Kabira, Last day, Masai Mara two days

Written by Tayria Ward on June 27, 2010

I have been out of internet access for three days. It might as well have been three months.

We had our last day at the Drugfighter’s School in Kabira. I did group counseling with the children all day, small groups of 5 or 6 at a time, listening to stories that I could never have imagined I would hear in person in my life. A child who gets locked out of his house by his stepfather after his mother disappeared and sleeps standing up in other people’s tiny mud washrooms after dark rather than on the streets of Kabira. He doesn’t eat when school is not in session. A child who came home one day from school to an empty house. His mother was evicted because she couldn’t pay rent, so she took the younger children and left this child, 11, without knowing where they had gone. He hasn’t seen her or heard from her in nearly a year. The “homes” I am talking about are mud huts as tiny as most of our closets, on dirty mud, garbage and sewage strewn paths, with no plumbing or electricity anywhere. I listened to story after story like this from boys and girls of every age. I listened and tried to give courage, admiration, hope for new possibilities if they study, whatever I could think of to say. Looking into the eyes of young children who just want to live life and don’t know how to survive, I will never be able to say what this has meant. The teachers and organizers of the school told me these kids have never had “counseling” before, it’s a new concept. I can only hope that looking into their eyes, listening, caring and saying the few words that I can find will mean something new to them. I feel that it has.
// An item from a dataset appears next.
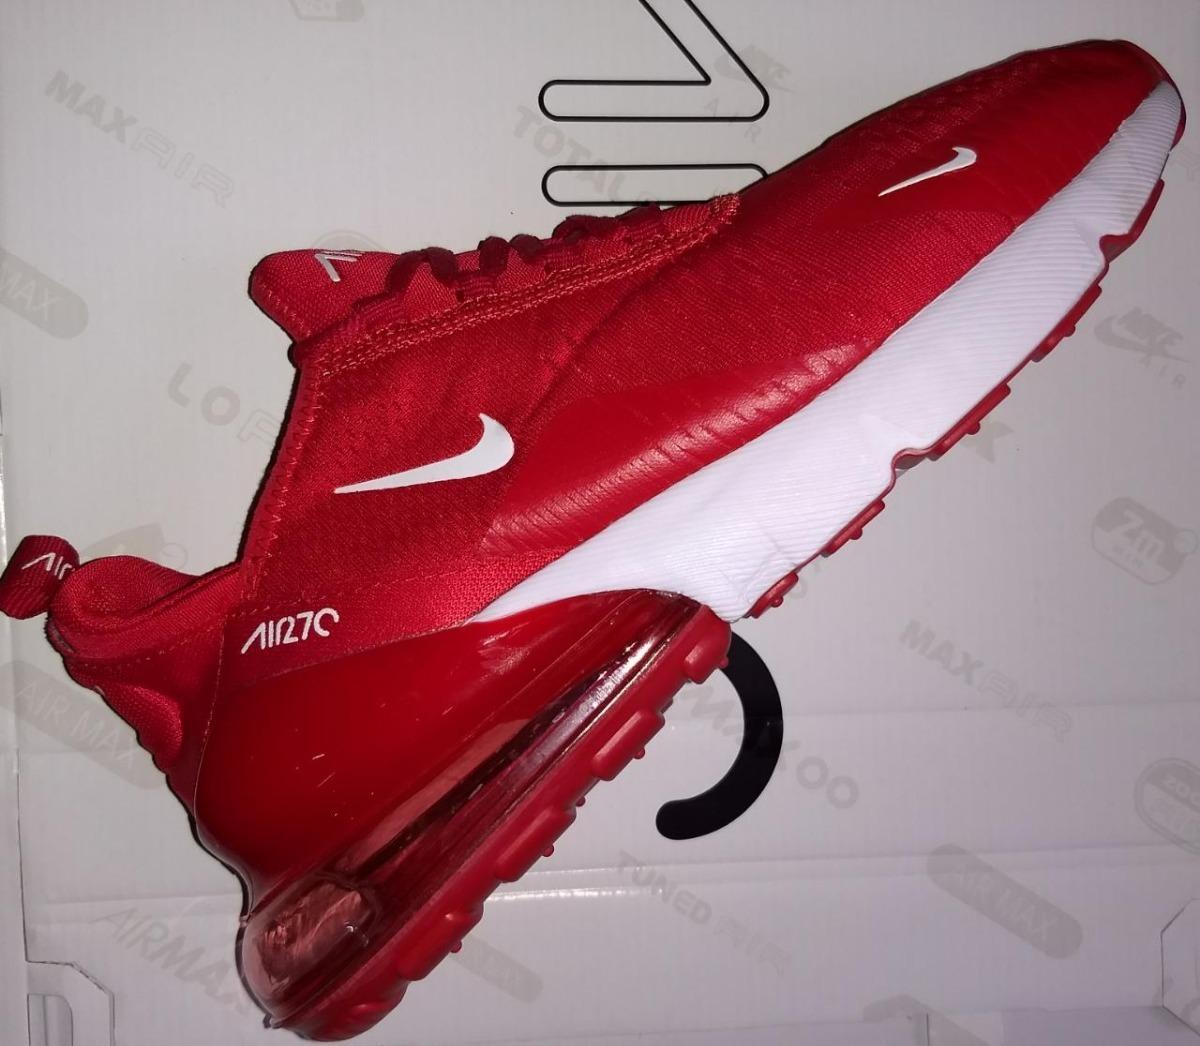 Nike Air Max 270 Red & White Caballero Con Envío Gratis!

Esther, my little friend who I wrote about on the last blog, who cried on my chest for almost two hours, had continued to cry. Agnes, Drugfighters Founder, brought both of us in to talk together to try to find out how to understand what had touched her. Agnes said she doesn’t like to see a child so sad because it makes her sad! So we talked. We tried to tell Esther how much love there is around her and that she has to let it in. What else can we do? Esther will stay on my heart and mind constantly.
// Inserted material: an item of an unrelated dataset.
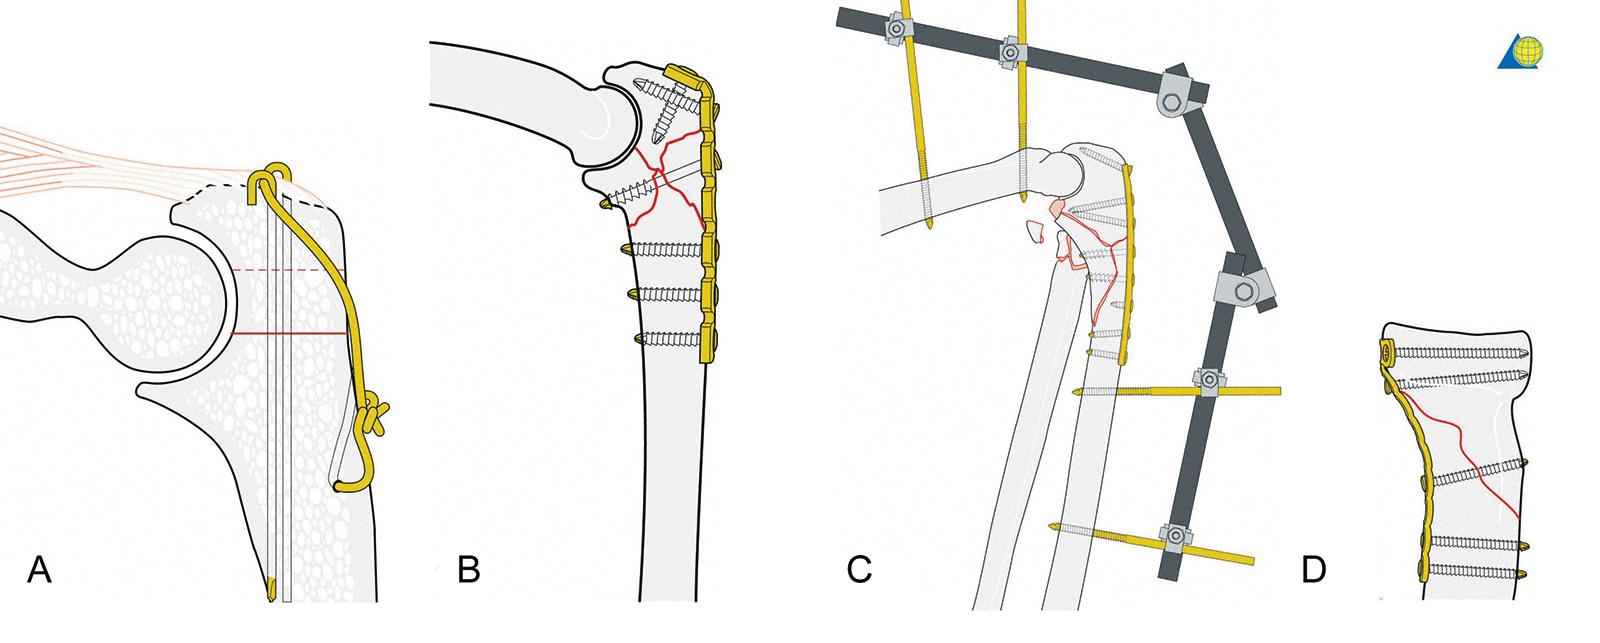 Abb. 3-81: Zuggurtungsosteosynthese einer einfachen Olekranonfraktur (A), Verplattung einer komplexeren Olekranonfraktur (B) mit zusätzlicher Anlage eines gelenkübergreifenden Fixateur (C). Osteosynthese einer Radiusköpfchenfraktur mit einer Miniplatte (D

The others in our group work heartfully on their projects all day and have such stories to tell also. The two story dormitory for the children to live in is near completion now; we got a music program from the kids by the end of the day from the amazing music teacher, Nina, who taught them songs on recorder. They were so proud to present. When we left the children made a “tunnel of love” as we walked out. All of them lined up on two sides touching our hands as we walked out. I can never tell you the sensation of the tears that were there, mostly on our side. The children are stronger than we are.
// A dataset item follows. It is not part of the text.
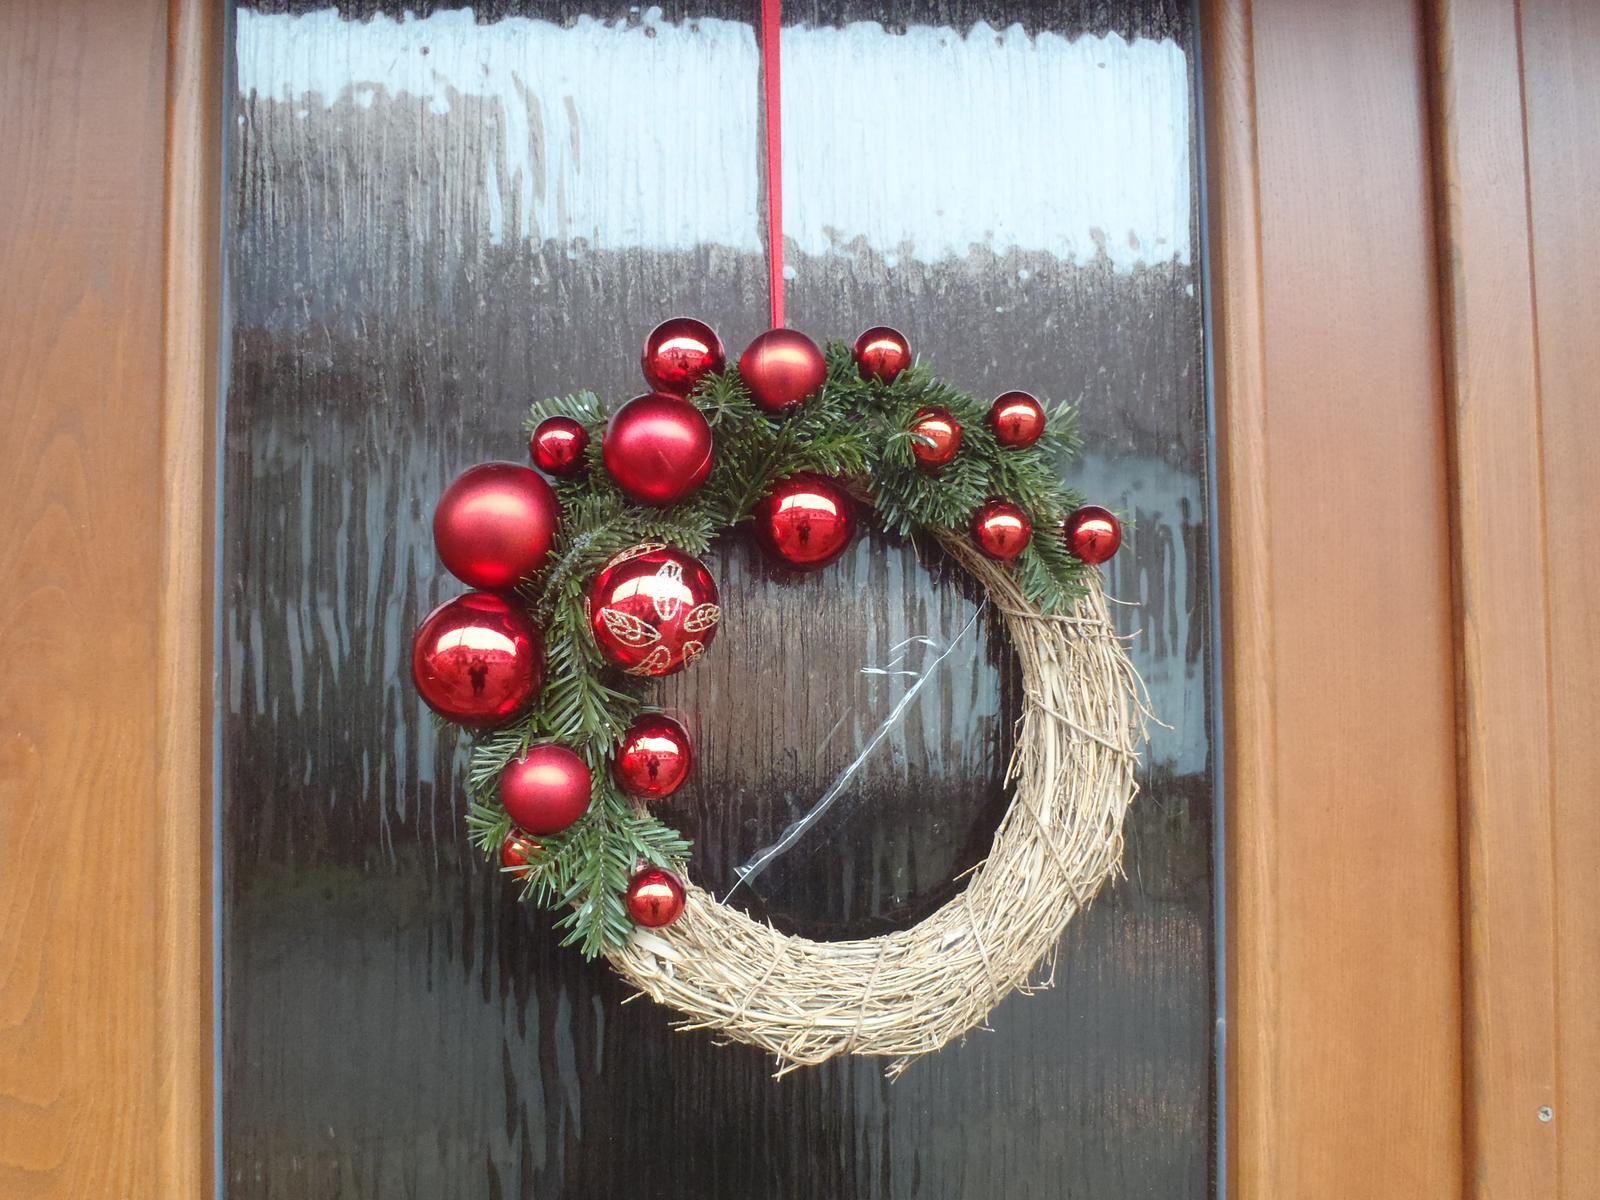 Vánoce 2012 - věneček na dveře vchodové, z ulice

Then our group drove the 6 hour really bumpy drive to the Masai Mara for two days – to see the great Mara and Serengeti Plains with wild animals in herds – wildebeasts, giraffe, elephants, lions, water buffalo, zebra and more – and to meet with Masai people and learn of their way of life. We went to a Masai village, and drove through past many of their villages going in and out of the Mara. I is all way too much for me to try to describe here and now, but has been deeply effecting for me.

Soon I will work to catch up with stories and photos. I leave in two days, a changed and grateful woman.